Monday, 3 Oct 2022

Symptoms of heatstroke that you could so easily miss

Britons have been warned of the health impacts of extreme temperatures as a heatwave takes hold.

By Friday afternoon, temperatures are to soar as high as 35C in southern areas of the UK, which will be hotter than some places in the Caribbean. 

A four-day amber warning for extreme heat from the Met Office is in place for much of England and Wales until Sunday, with warnings of health impacts.

That means there is an increased risk of heat stroke and heat exhaustion which usually happen during a heatwave or in an exceptionally hot climate.

Here’s how to recognise the symptoms of these conditions and what to do if someone you know appears to be suffering from them.

What is heat exhaustion?

Heat exhaustion occurs when your body loses too much salt and water, causing you to feel unwell.

If left untreated, heat exhaustion can lead to heat stroke.

If it turns into heat stroke, it needs to be treated as an emergency.

According to the NHS, symptoms include:

  • a headache
  • dizziness and confusion
  • loss of appetite and feeling sick
  • excessive sweating and pale, clammy skin
  • cramps in the arms, legs and stomach
  • fast breathing or pulse
  • a high temperature of 38C or above
  • being very thirsty

What is heat stroke?

This is when the body can no longer cool itself down, resulting in your body temperature becoming higher than usual.

Heat stroke is different to sun stroke as this is a result of hot weather rather than being caused by too much exposure to the sun.

Heat stroke can be very dangerous as it puts pressure on the brain, heart, lungs, liver and kidneys. It can be life-threatening too.

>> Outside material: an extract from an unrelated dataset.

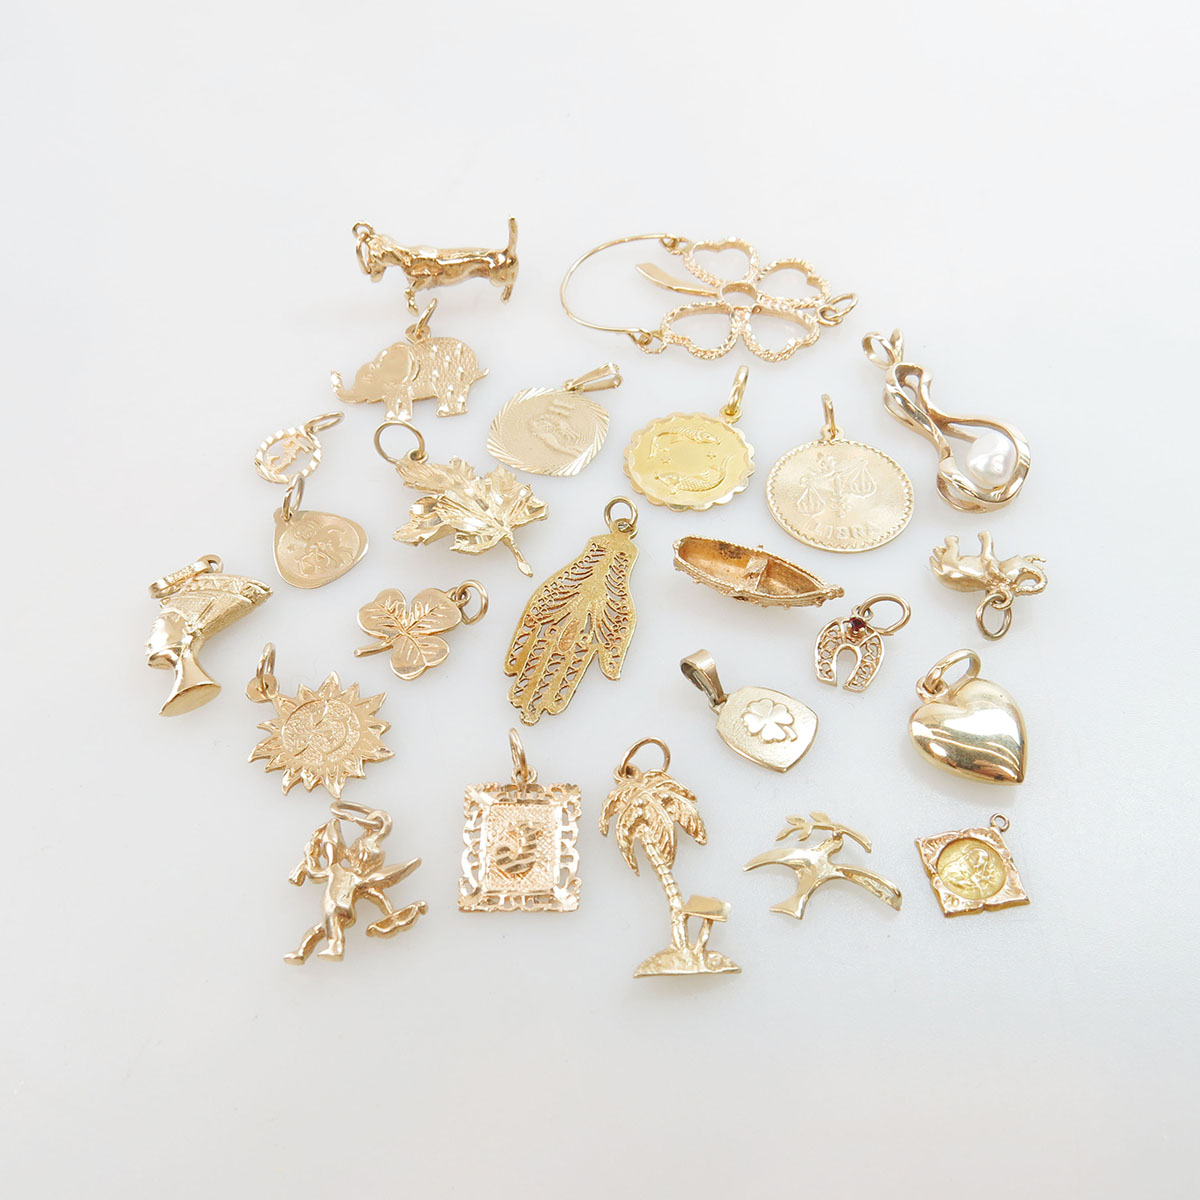 24 Various Gold Charms And Pendants

A body temperature of 40°C or above is also a sign of heat stroke, advises the NHS.

According to the NHS, symptoms include:

  • Feeling confused
  • No sweating
  • Temperature over 40C, dry skin
  • Nausea or vomiting
  • Losing consciousness or seizures or convulsions

The NHS advises anyone experiencing heat exhaustion symptoms to cool down, by using ice packs on the skin, drinking plenty of water and ideally lying down in a cool place with their feet slightly elevated.

You should wait 30 minutes to see if the person still feels unwell with the symptoms mentioned above which could mean they have heat stroke.

This is a medical emergency requiring a 999 call.